X

GOP Lawmakers, Pastors, Activists Sign Court Brief Calling for Right to Ban Same-Sex Marriage Benefits

Say Supreme Court’s Obergefell Decision ‘Did Not Create … Rights to Spousal Benefits or Even the Right to Live With Your Spouse’

Nearly one-third of Texas state lawmakers, along with candidates for the state legislature, pastors, and other anti-LGBT activists are saying the Supreme Court’s 2015 Obergefell decision does not give legally-married same-sex couples who are government employees the right to the spousal benefits their different-sex peers have, or even the right to live together.

50 Republican state lawmakers and others have signed an amicus brief making those assertions, along with others, including the claim that the Obergefell decision would compromise the state sovereignty of Texas if it were used to require the Lone Star State to spend any taxpayer funds, especially on spousal benefits for same-sex couples.

At The Texas Observer, John Wright explains the brief “was submitted Friday in a lawsuit brought by anti-LGBT activists against the city of Houston in response to then-Mayor Annise Parker’s decision to extend benefits to the same-sex spouses of city employees in 2013.”

Wright notes the Texas Supreme Court had refused to hear the case, but “Jonathan Saenz, president of the anti-LGBT group Texas Values, and former Harris County GOP chair Jared Woodfill, have petitioned the nine-member court for a rehearing.”

Also signing the brief is Rep. Cecil Bell, an anti-LGBT extremist.

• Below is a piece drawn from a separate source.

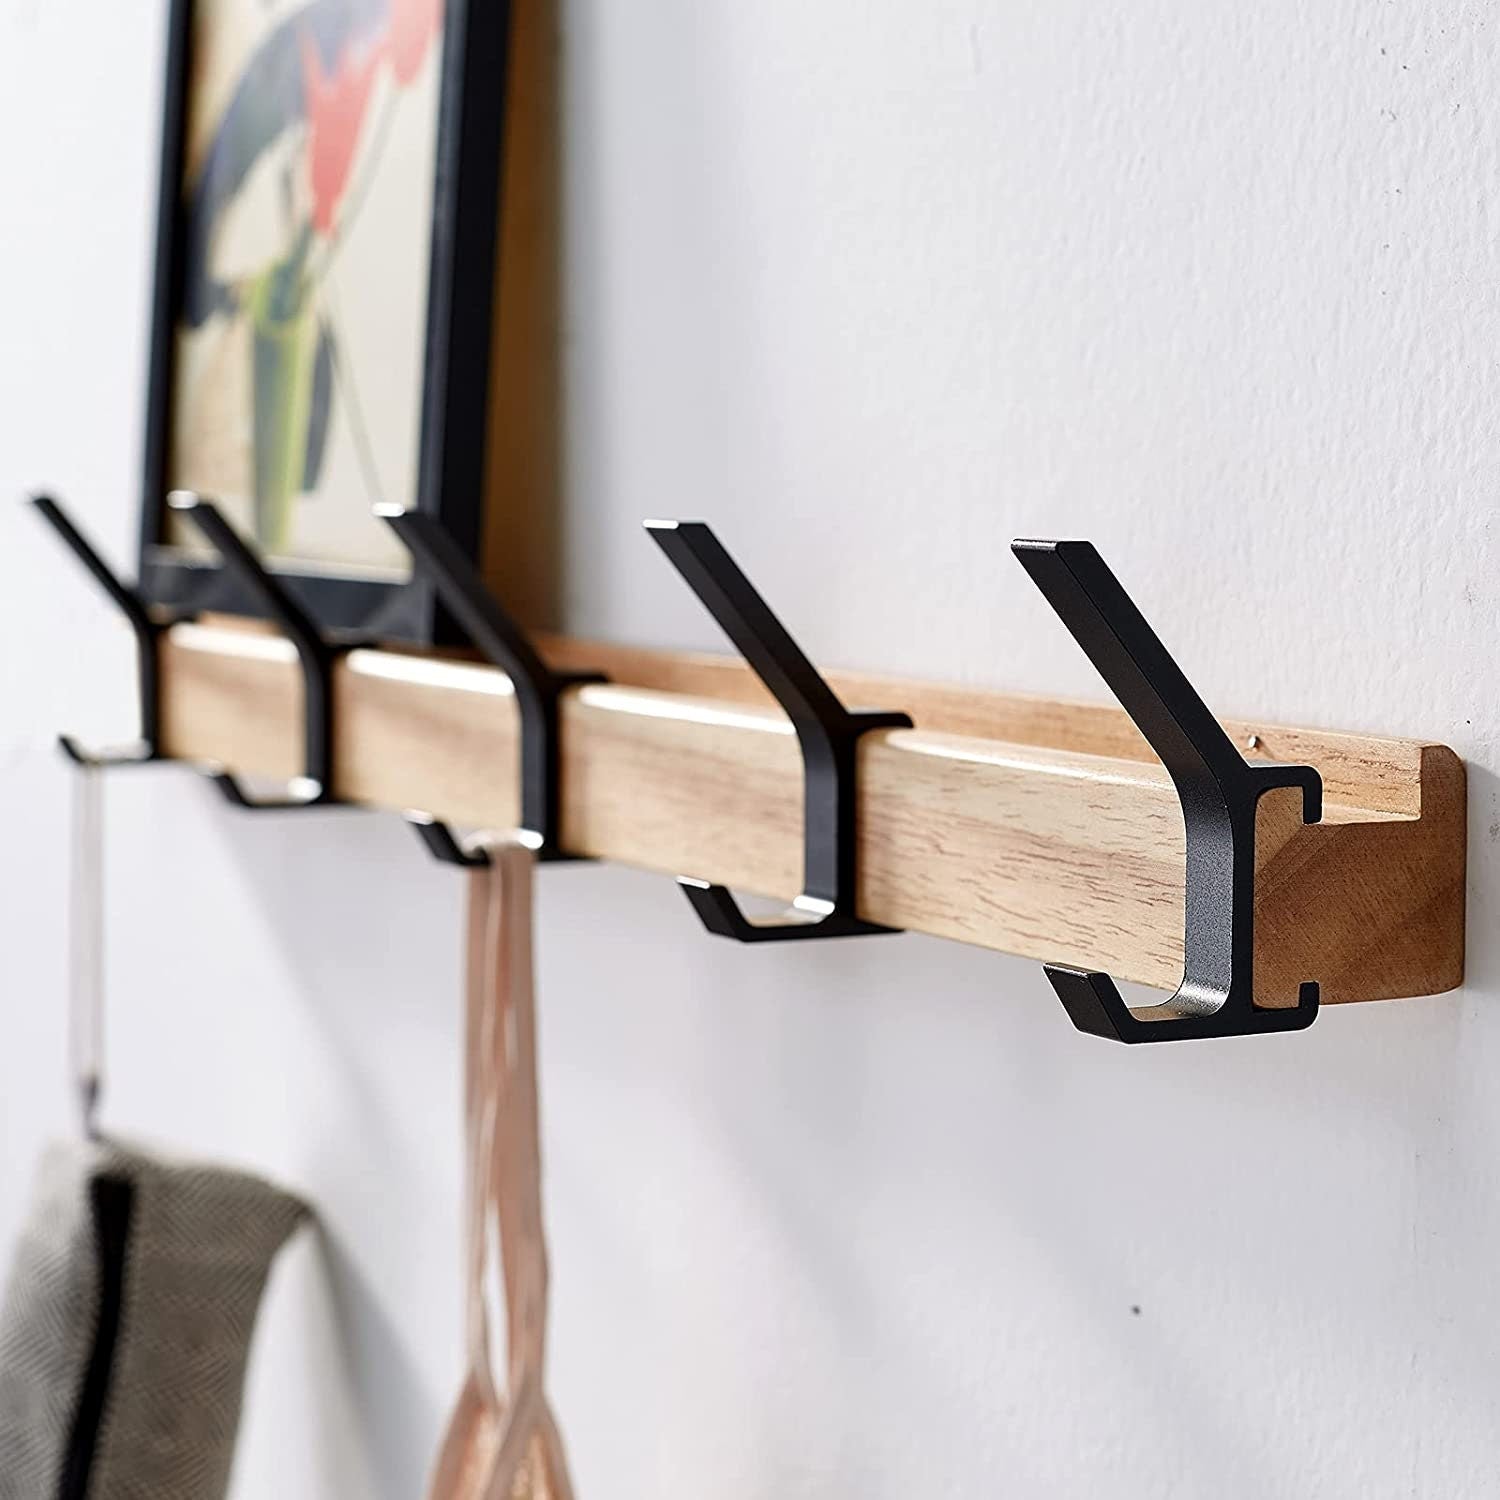 Coat Rack Wall Mount With Wall Hooks, Black Coat Hangers For Wall
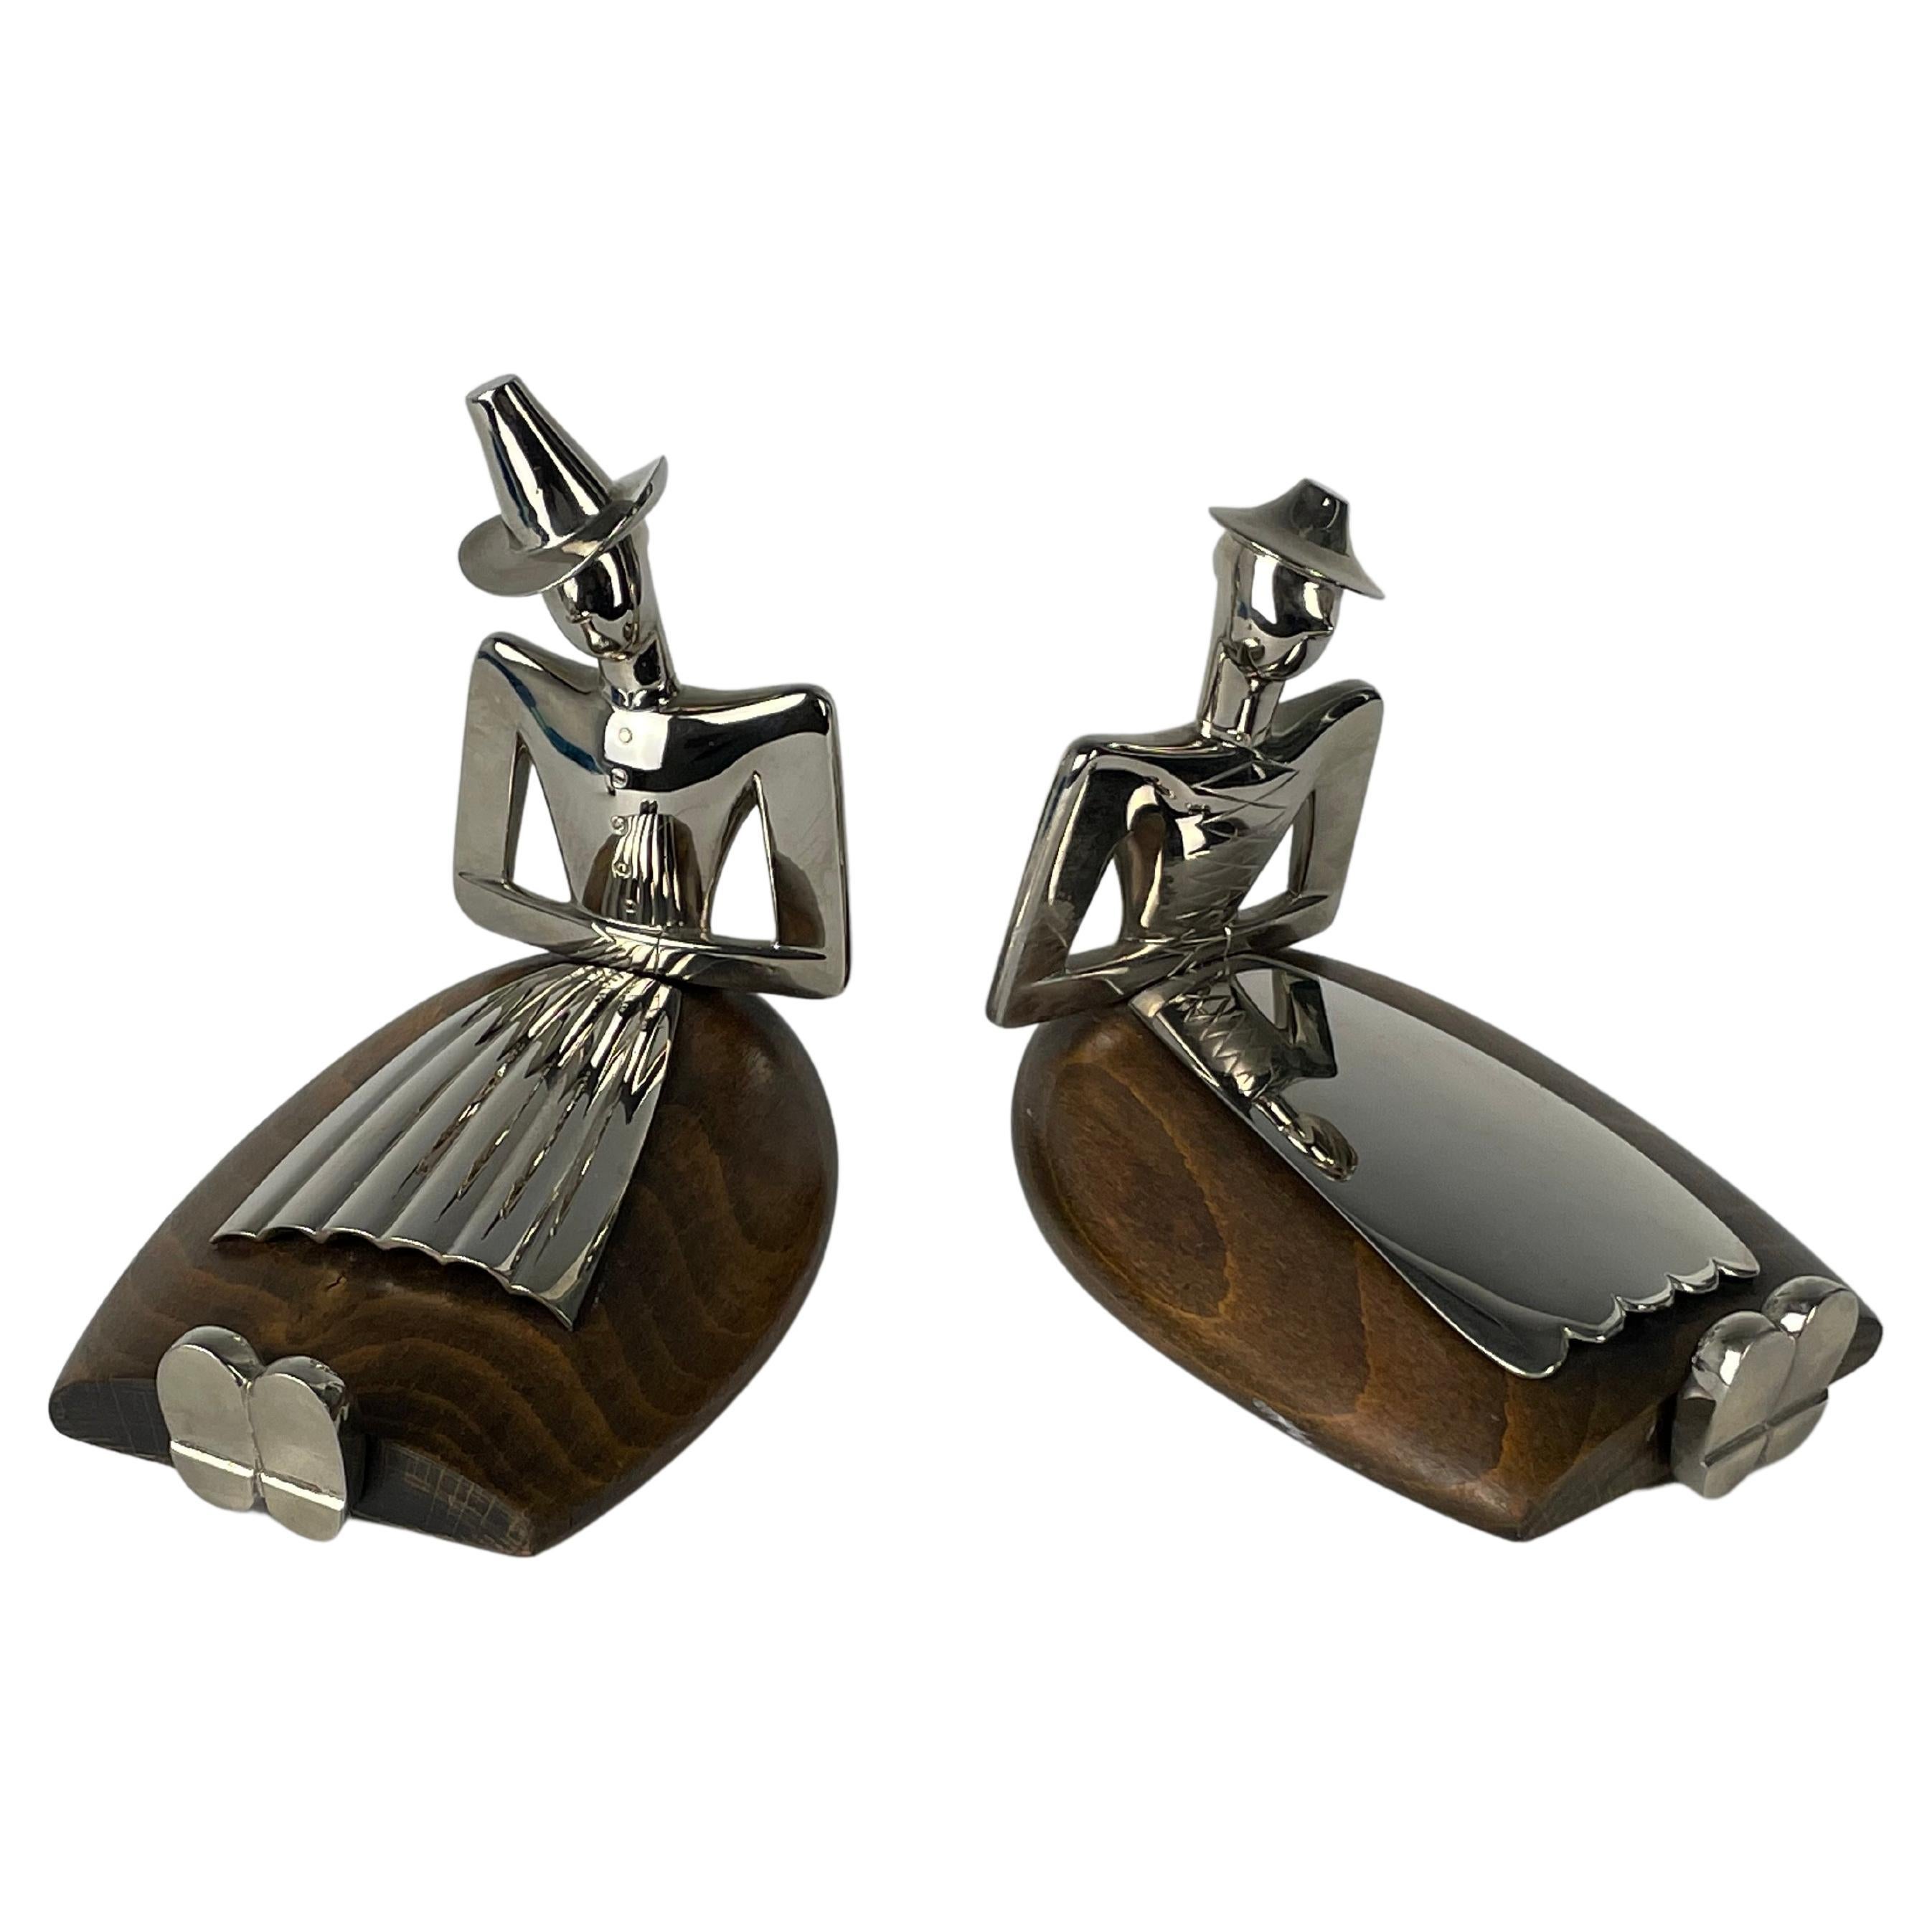 Art Deco Bookends by Hagenauer

The brief essentially argues that even the U.S. Supreme Court does not have the constitutional right to direct any state to treat same-sex couples the same way it treats different-sex couples.

It claims “nothing” in the Obergefell ruling “compelled the taxpayers of Texas to pay for a vast array of benefits for same-sex spouses.” 

Note that the signatories of the amicus brief have no qualms about the taxpayers of Texas paying for a “vast array of benefits” for different-sex spouses.

“Indeed, it would unnecessarily implicate constitutional issues of state sovereignty if Obergefell were misconstrued as imposing spending requirements on the state of Texas to fund expensive health care and other benefits without authorization by Texas law,” they claim.

The lawmakers and others who signed the brief call on the justices “to diminish federal tyranny and reestablish Texas Sovereignty,” by denying these same-sex couples spousal benefits.

 

Photo: Cecil Bell and Jonathan Saenz, via Facebook

The title of this article has been updated to more accurately reflect the amicus brief.